Brain Injuries: New Study Finds Fewer People Recover From Post-Concussive Syndrome
The April 2017 issue of the Journal of Neurotrauma reports on a new study about post-concussion syndrome.
The study followed 110 patients who had post-concussive syndrome symptoms for more than three months, and the findings were stunning. Of those patients, only 27% made a full recovery. Of the 27% who made a recovery, 67% made a recovery within the first year. And no one who had symptoms over three years ever made a complete recovery.
For those groups that didn’t recover, the continuing symptoms (in order of frequency) were:
- Difficulty concentrating
- Dazed/don’t feel right/in a fog
- Pressure in the head
- Sensitivity to light
- Difficulty remembering events
- Neck pain
- Sensitivity to noise
- Insomnia/sleep disturbance
- Feeling slowed down
- Noise in the ears
- Vision changes
- More emotional
- Increased sensitivity to alcohol
- Personality changes
- Vivid dreams
- Panic attacks
- Stomach ache
- Loss of appetite
- Slurred speech
These findings are significant to our brain injury cases.
Most insurance companies argue that brain injuries typically heal themselves and symptoms disappear after six months or a year. The insurance companies use that argument to reduce the value of the claim.
This study refutes that. If a client has had symptoms lasting more than three months, then this study is evidence that the client will likely never make a full recovery. Obviously, if an injury is permanent then the value of the case is higher.

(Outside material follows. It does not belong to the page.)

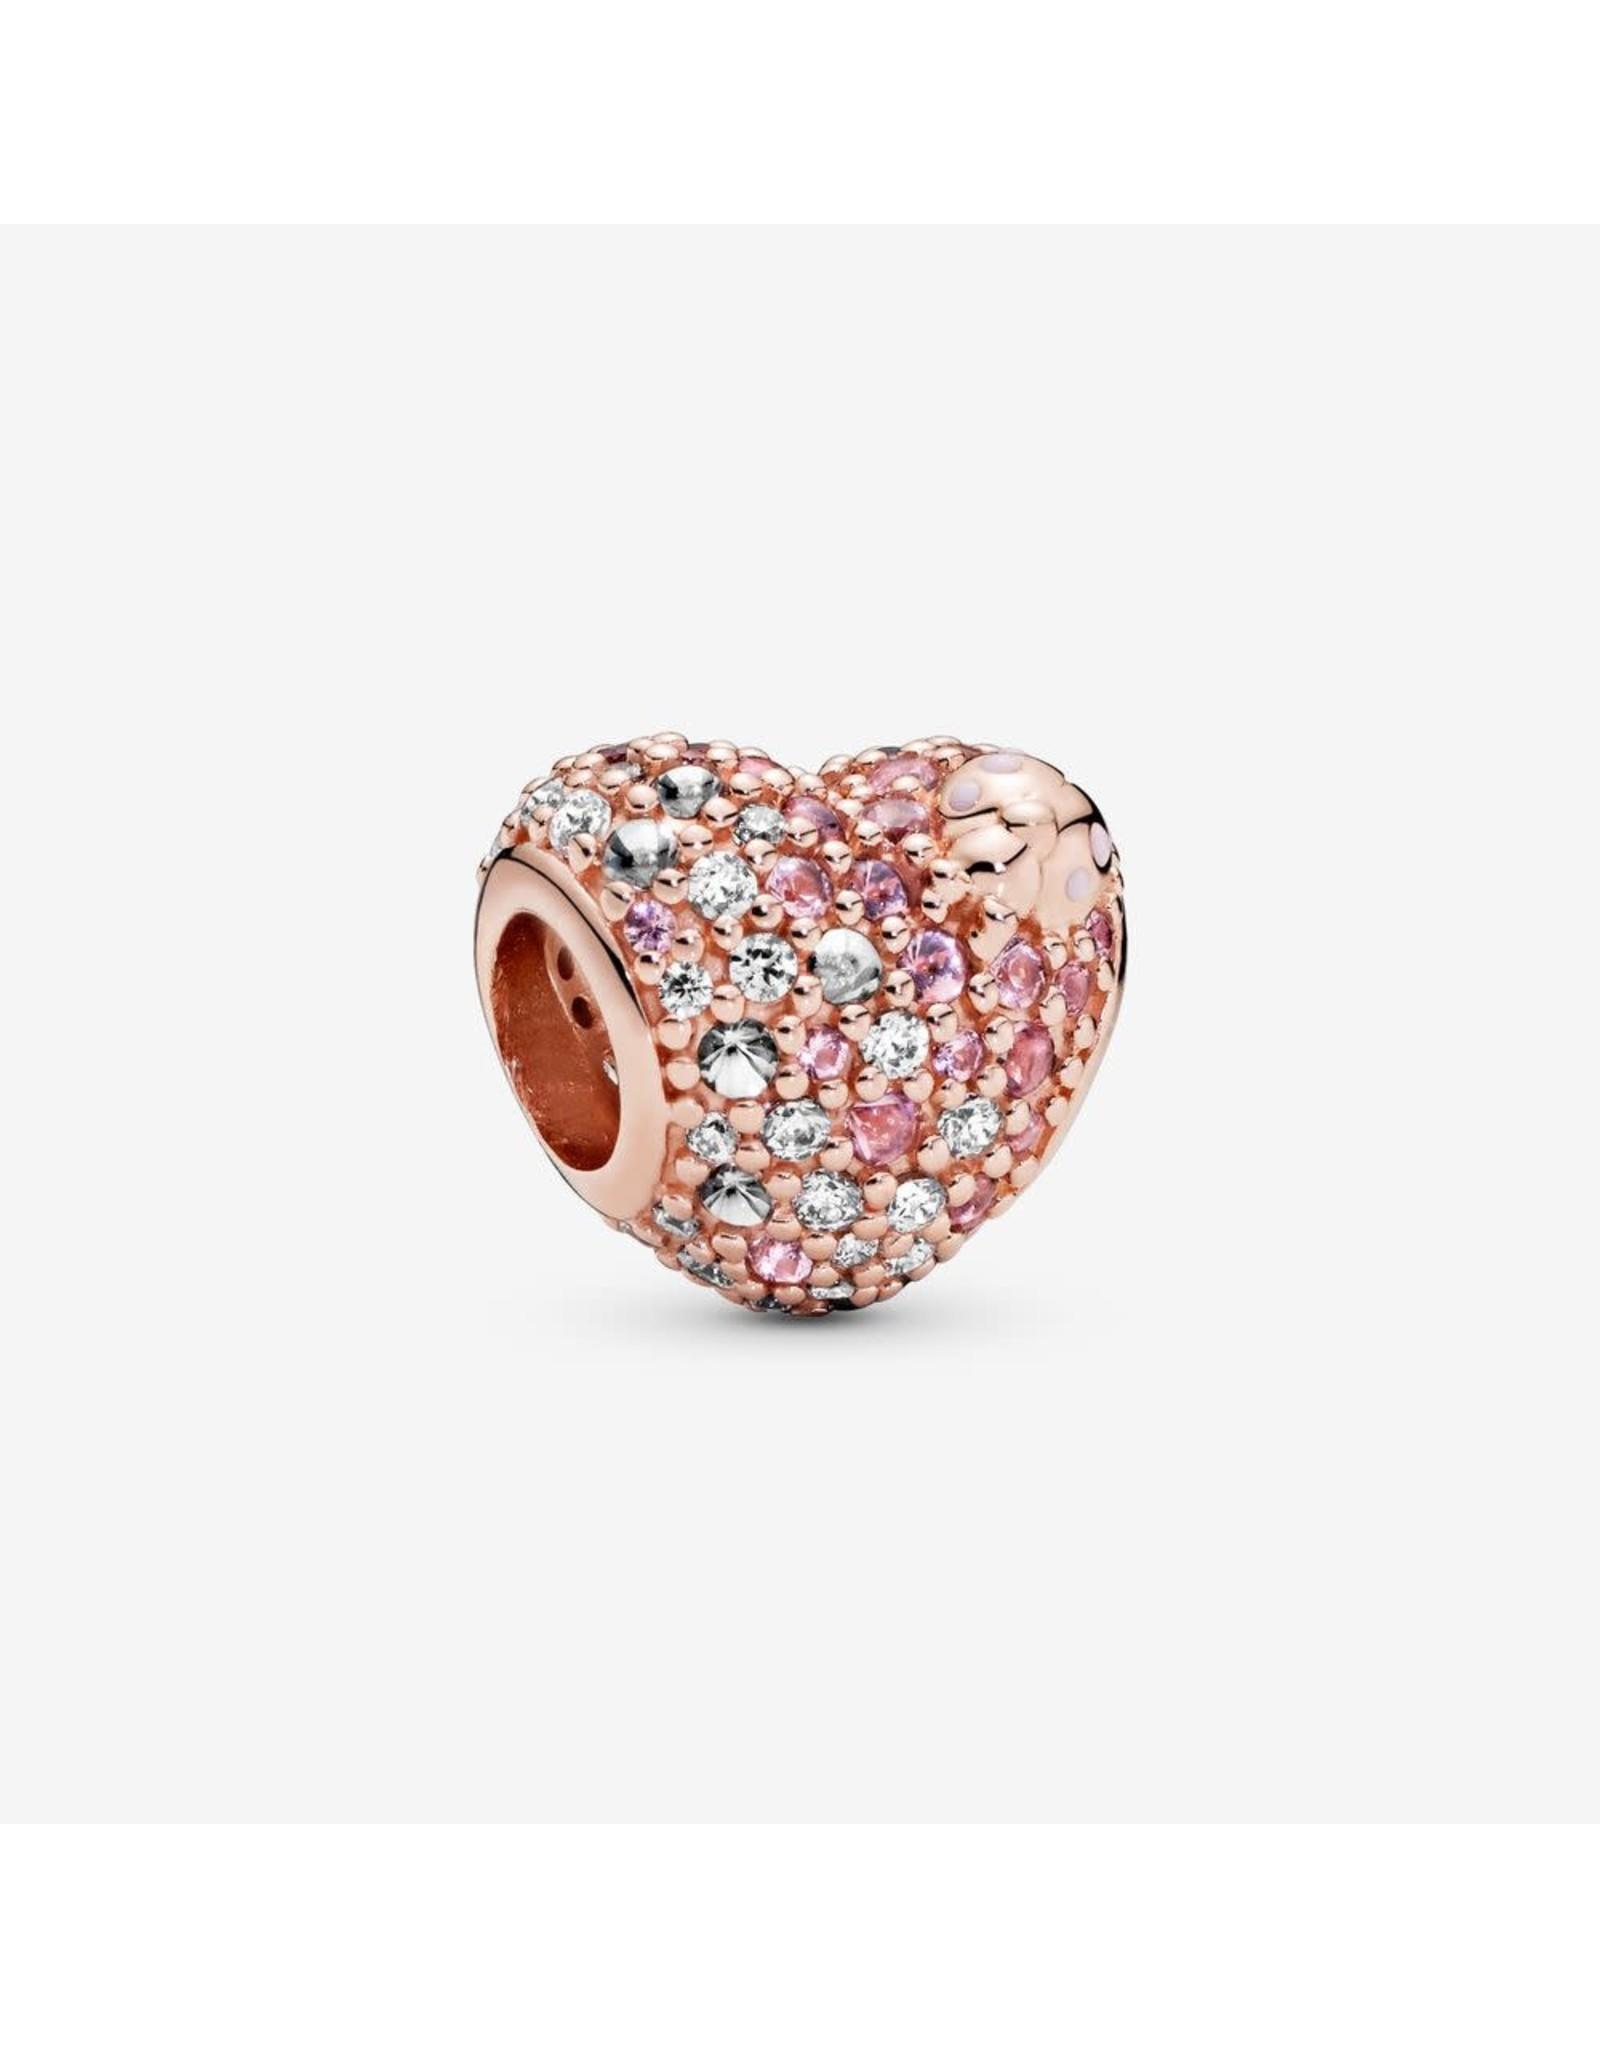 Pandora Pandora Gleaming Ladybird Heart, Pink Enamel, Crystals & Clear CZ

The study is also interesting because it has a good list of symptoms of a brain injury. It’s important for people to know these symptoms to help them recognize when they might have a brain injury.
Another interesting fact was the distribution of the symptoms. Generally, post concussion syndrome has three classes of symptoms:
- Cognitive symptoms — affect your thinking
- Affective symptoms — affect your mood (depression, irritability, etc)
- Somatic symptoms — separate symptoms (headaches, light sensitivity, etc).
The study found that the persisting symptoms were quite evenly distributed between the three classes of symptoms.